Николай Чуковский — Литературные Воспоминания
Заболоцкий выслушал мой рассказ угрюмо. Он сказал, что Фет был плохой поэт, хотя и не любил Неаполитанского залива.
Николай Алексеевич терпеть не мог Фета, как и многих других поэтов, с детства меня восхищавших. От этого между нами возникали постоянные споры, доходившие до настоящей ярости. Я отстаивал Фета с бешенством. Я читал ему фетовское описание бабочки:
Ты прав: одним воздушным очертаньем
Я так мила,
Весь бархат мой с его живым миганьем –
Лишь два крыла…
Выслушав, он спросил:
– Вы рассматривали когда-нибудь бабочку внимательно, вблизи? Неужели вы не заметили, какая у нее страшная морда и какое отвратительное тело.
Нет, обольстить его Фетом было невозможно. Ни Фетом, ни Яковом Полонским, ни Некрасовым, ни Сологубом, ни Ходасевичем, ни Ахматовой, ни Маяковским.
Во вторую половину жизни – после лагерей – он выше всех других русских поэтов ставил Тютчева. Он знал его всего наизусть и считал единственным недосягаемым образцом. Огромное воздействие Тютчева на стихи Заболоцкого последнего десятилетия его жизни неоспоримо.
В творчестве Заболоцкого за его жизнь произошла огромная эволюция. Литературные же вкусы его, симпатии и антипатии, эволюционировали гораздо медленнее. В стихах Заболоцкого, написанных за последние пятнадцать лет его жизни, самое пристальное исследование не обнаружит ни малейшего влияния Хлебникова. Однако до конца дней своих он продолжал утверждать, что Хлебников – величайший поэт двадцатого века. Я часто приписывал это его упрямству. Пожалуй, упрямство – не то слово. Он был на редкость верный человек – верный во всех своих приязнях и неприязнях. Заставить его изменить сложившееся мнение было нелегко. Иногда в наших спорах мне начинало казаться, что в глубине души он со мною согласен, но не хочет, чтобы я об этом догадался. Впрочем, может быть, я ошибался.
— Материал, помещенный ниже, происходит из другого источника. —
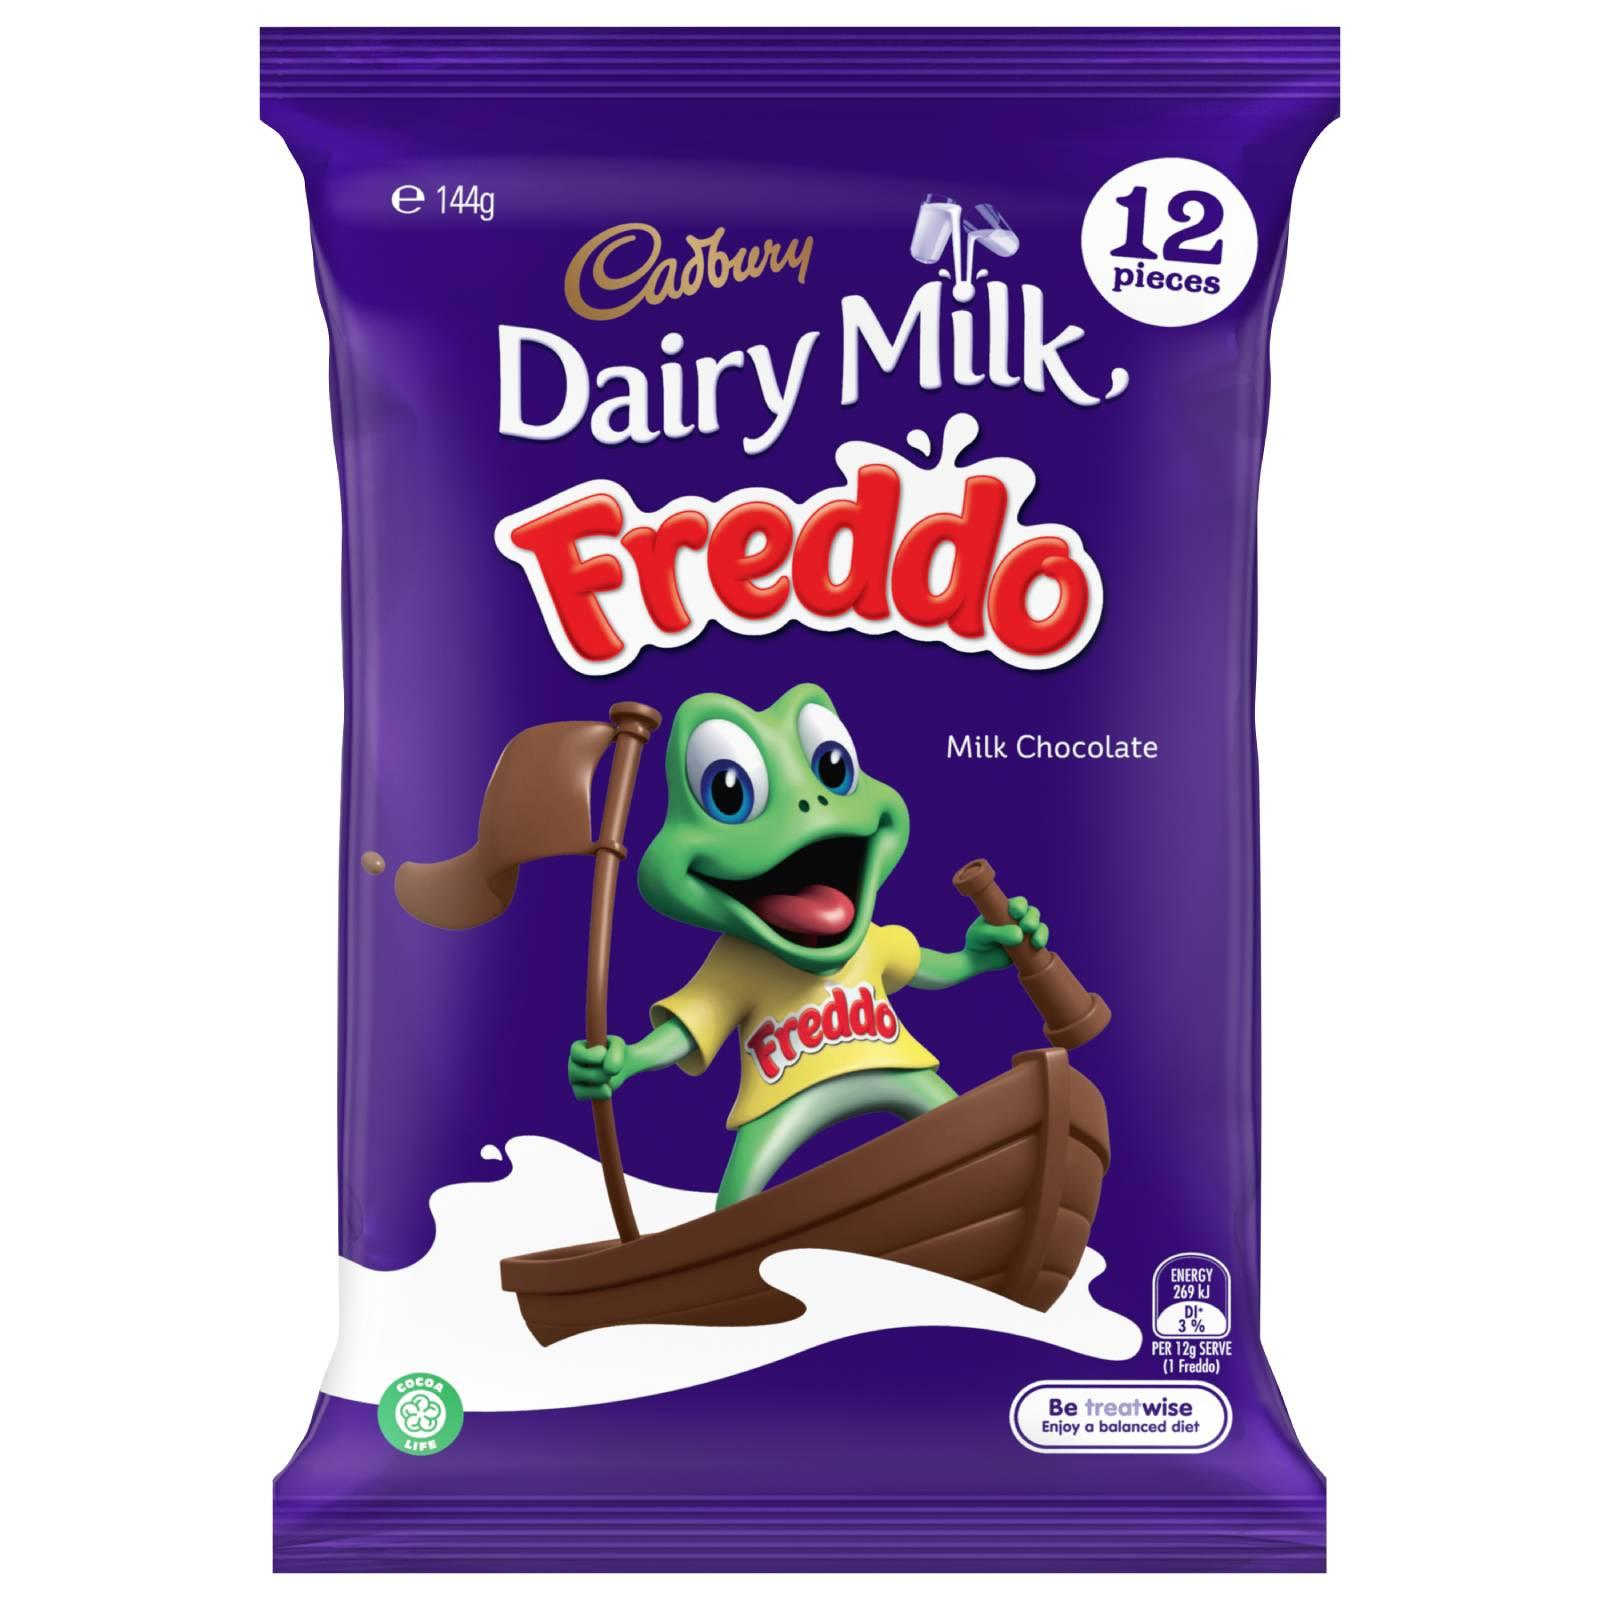 Cadbury Dairy Milk Freddo Milk Chocolate Multipack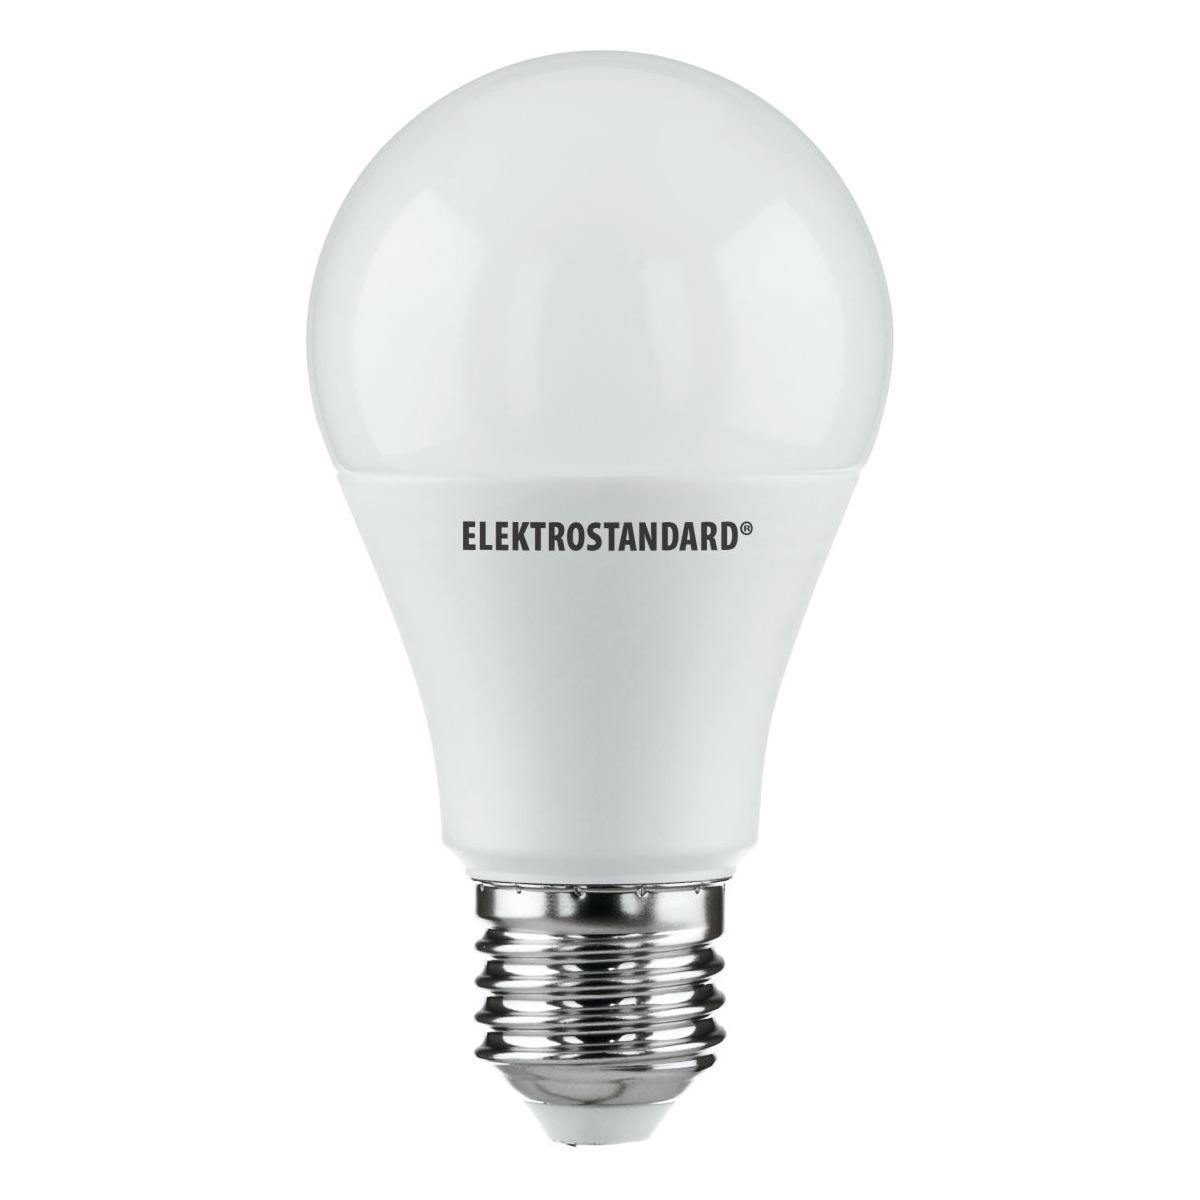 elektrostandard лампа светодиодная elektrostandard classic led d 10w 4200k e27 4690389085543 Лампа светодиодная LED E27 17W 4200K матовая 4690389086014

Меня особенно сердило, когда он судил о любимых мною поэтах, почти не зная их. Прочел когда-то в молодости случайно попавшееся стихотворение Фета, оно по случайным причинам не понравилось ему, показалось скроенным из банальных элементов, и он навсегда отверг Фета, больше его не читая
Ожесточенные мои споры с Николаем Алексеевичем никогда не отражались на наших личных отношениях. Этот добрый, справедливый, верный человек был терпим к чужому мнению. Он был прекрасным другом своих друзей, хотя душевное целомудрие никогда не допускало его до дружеских излияний. Привязавшись к кому-нибудь, он привязывался навсегда, до конца. Такими вечными привязанностями его были и Хармс, и Введенский, и Олейников, и Евгений Шварц, и Каверин, и Степанов, и Ираклий Андроников, и Симон Чиковани, и Антал Гидаш, и в последние годы Эммануил Казакевич, Борис Слуцкий. С Тихоновым он расходился во вкусах и мнениях, но питал к нему глубокую признательность, которую не могло поколебать ничто.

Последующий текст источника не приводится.